The Supreme Court has asked all states and Union territories to frame a policy to strictly enforce a law that requires immediate confiscation and eventual sale of vehicles after an accident if it does not have a third-party insurance policy.
The objective is to use the sale proceeds of the vehicle to pay compensation to the accident victims or their families.
In line with the prevailing rule, the court said the vehicle owner should be given an opportunity to pay adequate compensation to the victim or his family.

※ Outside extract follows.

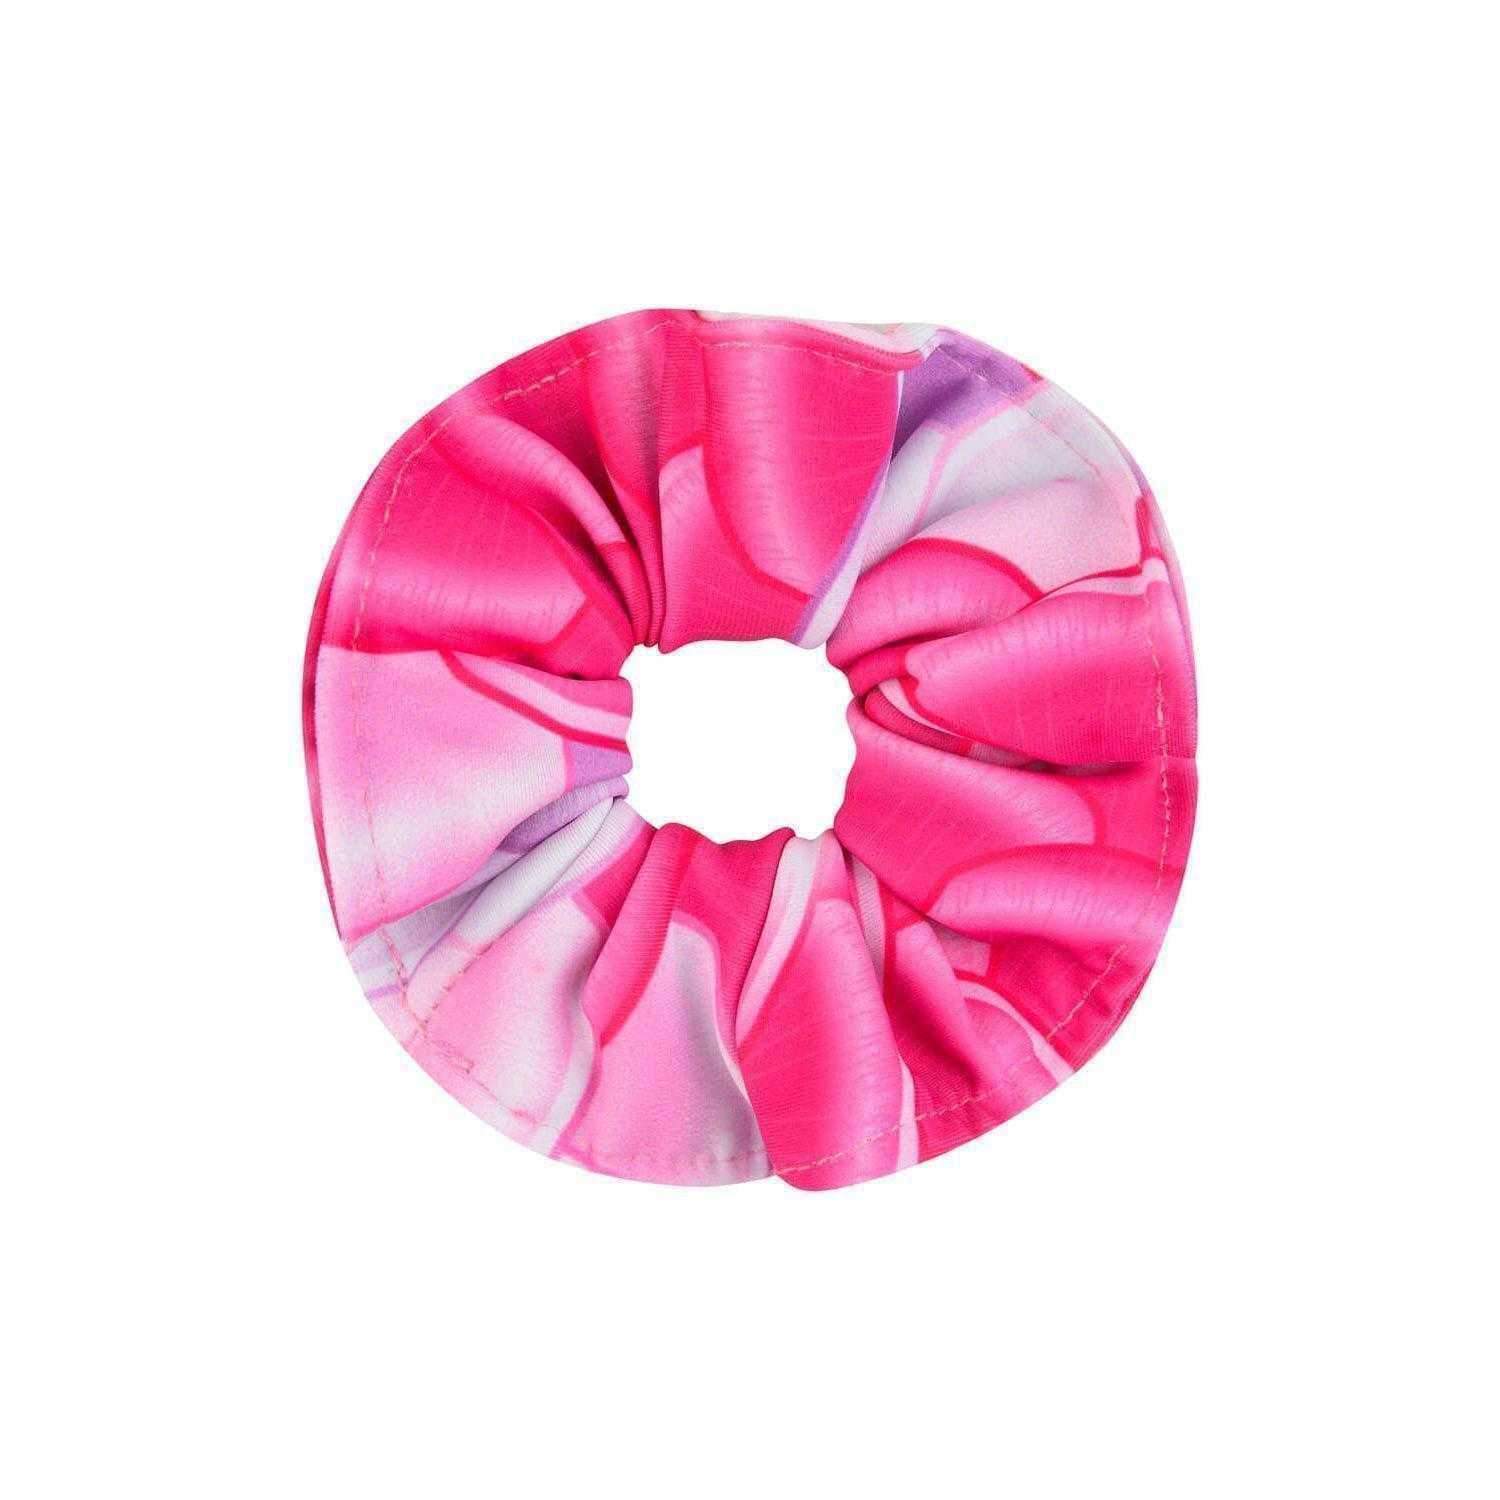 Finsbury Pink Pearl Hair Scrunchie - Mermaids Tail UK

If the owner fails to do so within three months, the vehicle can be sold and the money kept as a deposit till the accident claim is settled.
Usha Devi had challenged a Punjab and Haryana High Court order that had declined to direct the Punjab government to compensate her family although her husband was killed in an accident involving a vehicle that did not have third-party insurance.
Usha Devi had contended that since the state had a liability to prevent the unauthorised movement of vehicles, the failure to check cars without the mandatory third-party insurance policy was a breach of conditions imposed under Section 196 of the Central Motor Vehicles Act, 1988.
In her appeal filed through advocate Radhika Gautam, Usha Devi said that as early as in 2010, the apex court had passed a series of directives to the states and Union territories to ensure that in all cases where there is no third-party insurance policy, the offending vehicle should be seized, sold and the money paid to the victim or survivors.
However, despite the directives, no state other than Delhi had framed a policy.